CATI procedure: Respondents were interviewed by a call centre

CAWI procedure: Respondents received letter with website and login data

Average duration: 60.1 minutes (60.1 minutes via CAPI, 63.2 via CATI, 51.6 via CAWI). To ensure that the questionnaires for CAPI and CATI were identical (apart from a few textual adjustments) the telephone team also conducted the interview with the aid of CAPI laptops. Apart from textual differences linked to the method of data collection, the content of the CAWI questionnaire differs slightly from that of the CAPI/CATI questionnaire, namely: differences in the questions (e.g., different routing for questions on income), and differences resulting from procedural differences (e.g., the CAWI questionnaire does not include built-in controls).

WAVE 3 DATA COLLECTION

  1. Interviewers 1.1. Total number of interviewers: CAPI: 69 with 2 supervisors; CATI: 39 interviewers with 8 supervisors 1.2. Number of interviewers in the field: 4 CAPI interviewers and 2 CATI interviewers dropped out1.3. Network organization: DK 1.4. Working arrangement of interviewers: DK 1.5. Payment of interviewers: DK

  2. Interviewer training: 2.1 General interviewing: Suitable candidates (preferably those who already were involved in collection of previous waves) were invited to attend a special training session provided by NKPS team members in collaboration with GfK PS. Only interviewers who had participated in the training session were allowed to conduct interviews. 2.2 Survey Specific: The structure and content of the training sessions were designed by GfK PS in cooperation with the NKPS team members. The program consisted of a half-day session in which background information on the NKPS was provided and the rational underlying the interview questionnaire was explained. The four top-priorities were: (1) achieving a high and non-selective response, (2) obtaining permission to contact the current partners for participation as a Survey Alter, (3) receiving Anchor's permission to be contacted for participation in a possible fourth wave, and (4) receiving Anchor's permission to link the survey data to registry data. 2.3 Length: 2 training sessions, 1 for CATI & CAPI interviewers and their supervisors and 1 for 6 other CATI interviewers. (NKPS Codebook Wave 3, p.20) 2.4 Control of performance: (1) Interviewers were monitored on the basis of speed, quality of interviewing, quality of initial contact, response rates, and two recording of the interviews. (2) 1000 control questionnaires were sent to anchors to reveal potential cases of fraud. 422 questionnaires were sent back and no cases of fraud were revealed. (3) Checks (i.e. personal visits to the call center) were carried out by the NKPS team and the NKPS project leader at NIDI and the GfK project leader had weekly contact via telephone to discuss procedures and progress. (4) Progress was monitored at distance through an information processing package.
    (NKPS Codebook Wave 3, p.26) 2.5 Interviewer survey: The interviewer evaluated the course of each interview after it had been completed. Questions were answered concerning the setting of the interview, such as the presence of others and the general atmosphere. The Anchor's performance was also rated, using the evaluation form of the interview questionnaire. Less than one percent of the interviews were rated as 'unpleasant' or 'very unpleasant' (NKPS Codebook Wave 3, p.28).
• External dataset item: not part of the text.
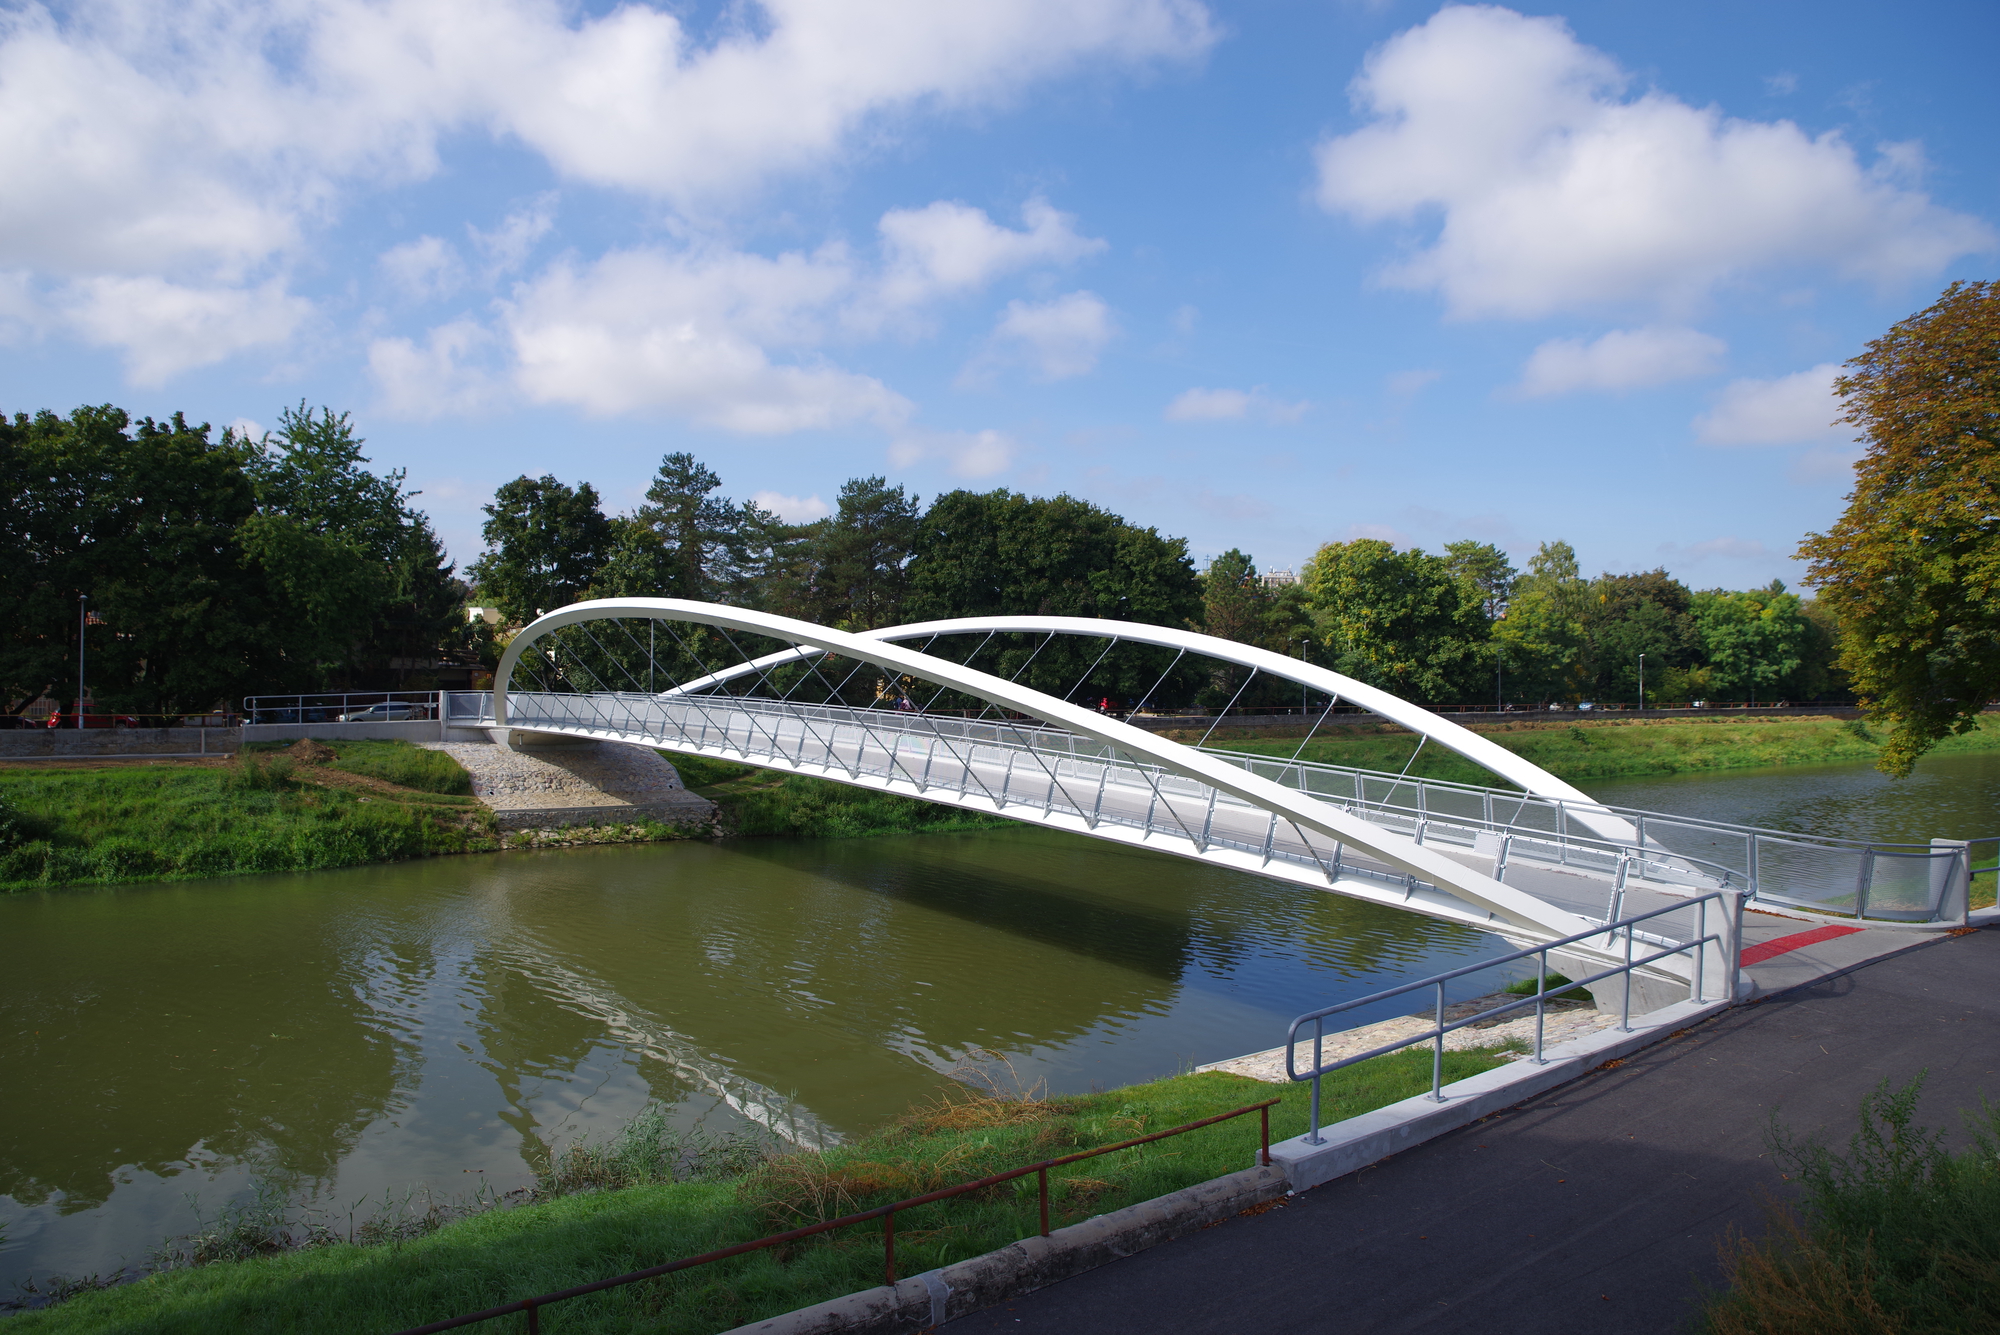  Kalvarsky Most - 横跨尼特拉河的自行车桥丨Kalvarsky Most - Cyclist Bridge across the River Nitra-14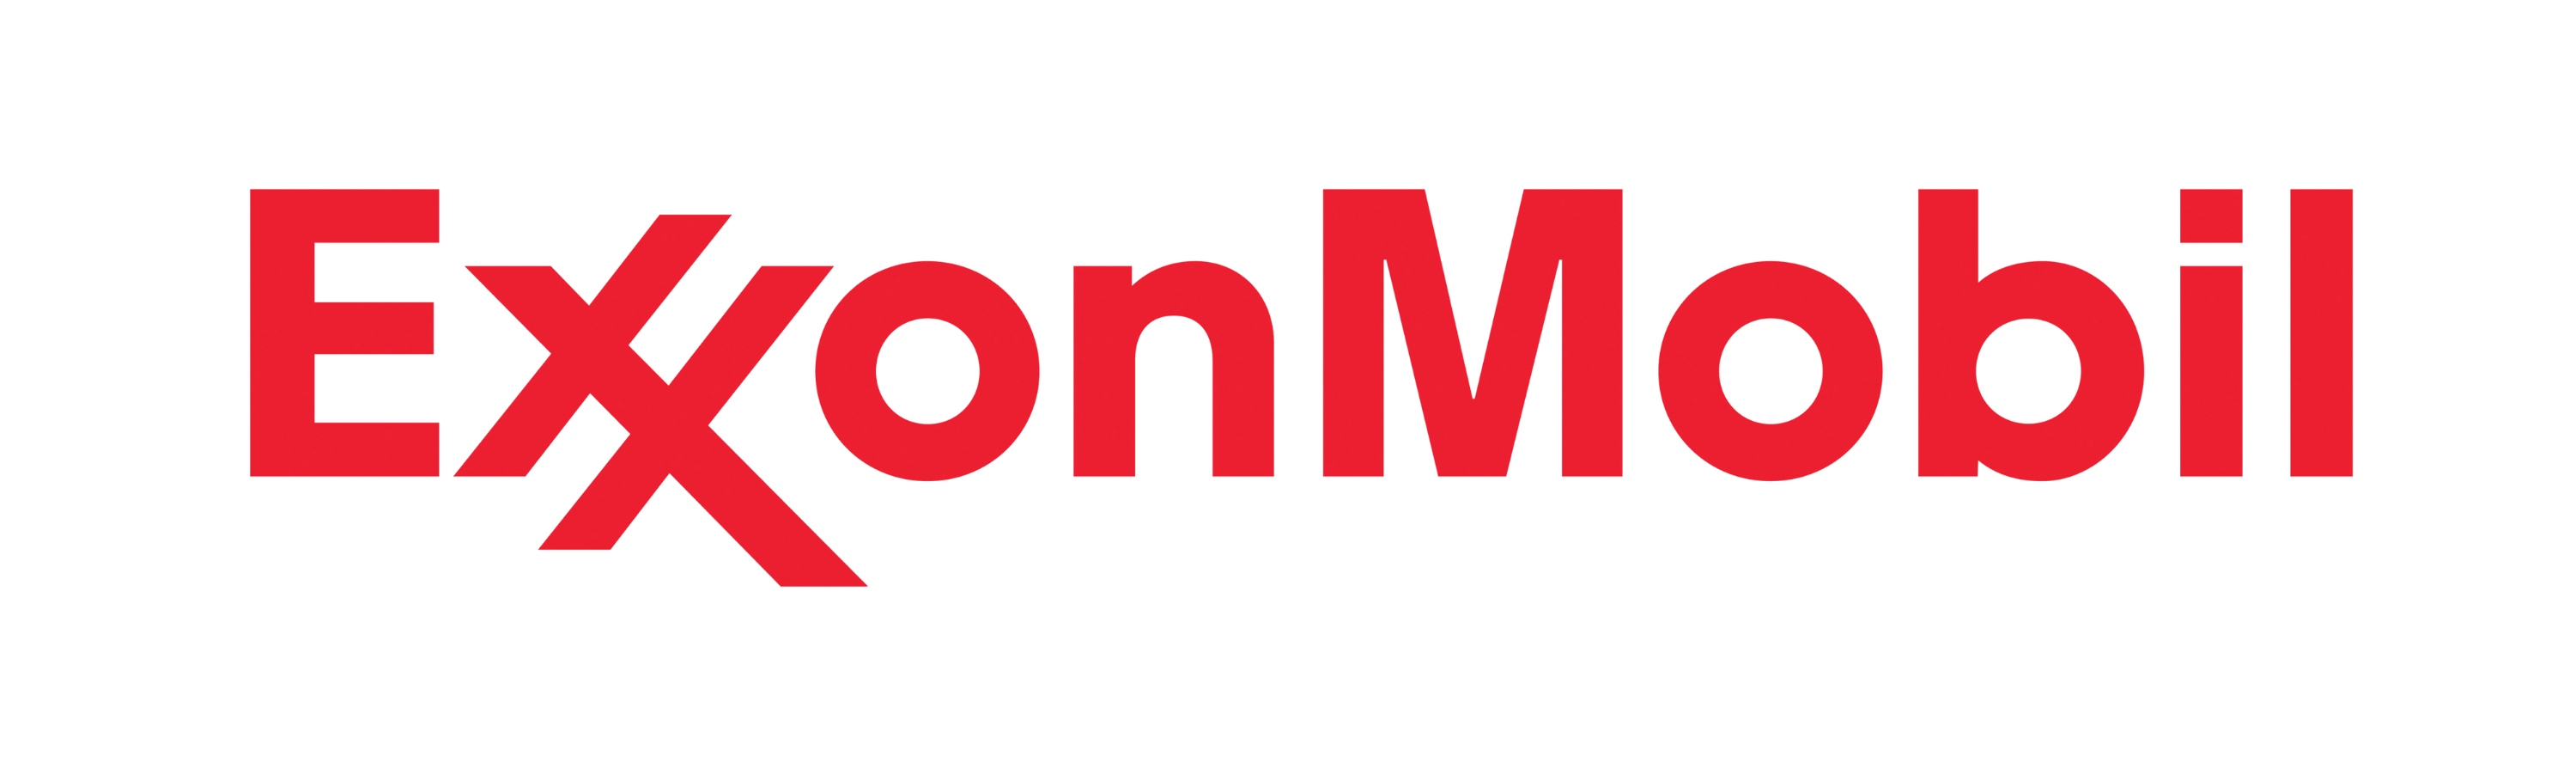 ExxonMobil-clear-back

  3. Contact protocols 3.1 Advance letter: The first contact was through an introductory letter in which respondents were informed about het upcoming third wave of het NKPS. The letter also directed respondents to the NKPS website, included a full-color brochure for further information about the study and referred to the toll-free telephone number of the NKPS Helpdesk, and the NKPS e-mail addresses. In addition, the following letters/emails were sent to the Anchors who wished to participate in the study through the Web: (1) Web letter of invitation, (2) Web reminder, and (3) Web second reminder. 3.2 Cold Contacts: Potential respondents were contacted in two phases. First, all addressees were sent an introductory letter before the first contact attempt, CAWI or CATI (no cold contacts in the sample). The interviewer contacted the respondents by telephone within two days of receipt of this letter (if their phone number was known). For respondents whose phone number is known, 10 contact attempts were made and three home visits if the phone number was unknown. In the second phase, re-contacting attempt, a distinction was made between 'hard' and 'soft' refusals. Hard refusals were approached by telephone by specially trained CATI interviewers, and soft refusals were personally approached by a CAPI interviewer. If the participant agreed to participate in the third wave, the participant could choose between the three interview modes: CAWI, CATI or CAPI. Respondents willing to participate via CATI or CAPI were contacted by the call center to set a date. Respondents willing to participate via CAWI were sent a letter stating the website address and their personal access code (NKPS Codebook Wave 3, p.21-22). 3.3 Scheduling / scattering: Phase 1: All participants were asked to participate in the third wave via CATI or the Web through an introductory letter, followed by a phone call. Phase 2: Re-contacting phase. 'Soft' refusals were personally approached by a CAPI interviewer; 'hard' refusals were phoned by specially trained CATI interviewers. 3.4 Contact history: For each contact attempt the interviewer had to record the day and time, the method, and the result of the initial contact ((NKPS Codebook Wave 3, p.24) 3.5 Min number of contacts: 10 initial contact by telephone, 3 home visits

  4. Questionnaire localization 4.1 Validation: A pilot was carried out in the months in April and May 2010 (148 respondents). The purpose of the pilot was to test the material, the different data collection methods and to follow and evaluate all related procedures. test the different data collection methods and to follow all related procedures. 4.2 Pre-test: 35 CAPI; 41 CATI; 72 Web the CAWI questionnaire does not include built-in controls). 4.3 Characteristics of the data collection situation: First approach: Respondents received a letter with invitation for CAWI or CATI interview. alternative: CAPI CATI procedure: Respondents were interviewed by a call centre CAWI procedure: Respondents received letter with website and login data CAPI procedure: Interview at the respondent's home Average interview duration: 42 minutes (54 minutes via CAPI, 48 via CATI, 35 via CAWI). To ensure that the questionnaires for CAPI and CATI were identical (apart from a few textual adjustments) the telephone team also conducted the interview with the aid of CAPI laptops. Apart from textual differences linked to the method of data collection, the content of the CAWI questionnaire differs slightly from that of the CAPI/CATI questionnaire, namely: differences in the questions (e.g., different routing for questions on income), and differences resulting from procedural differences (e.g., the CAWI questionnaire does not include built-in controls). (NKPS Codebook Wave 3, p.8-28).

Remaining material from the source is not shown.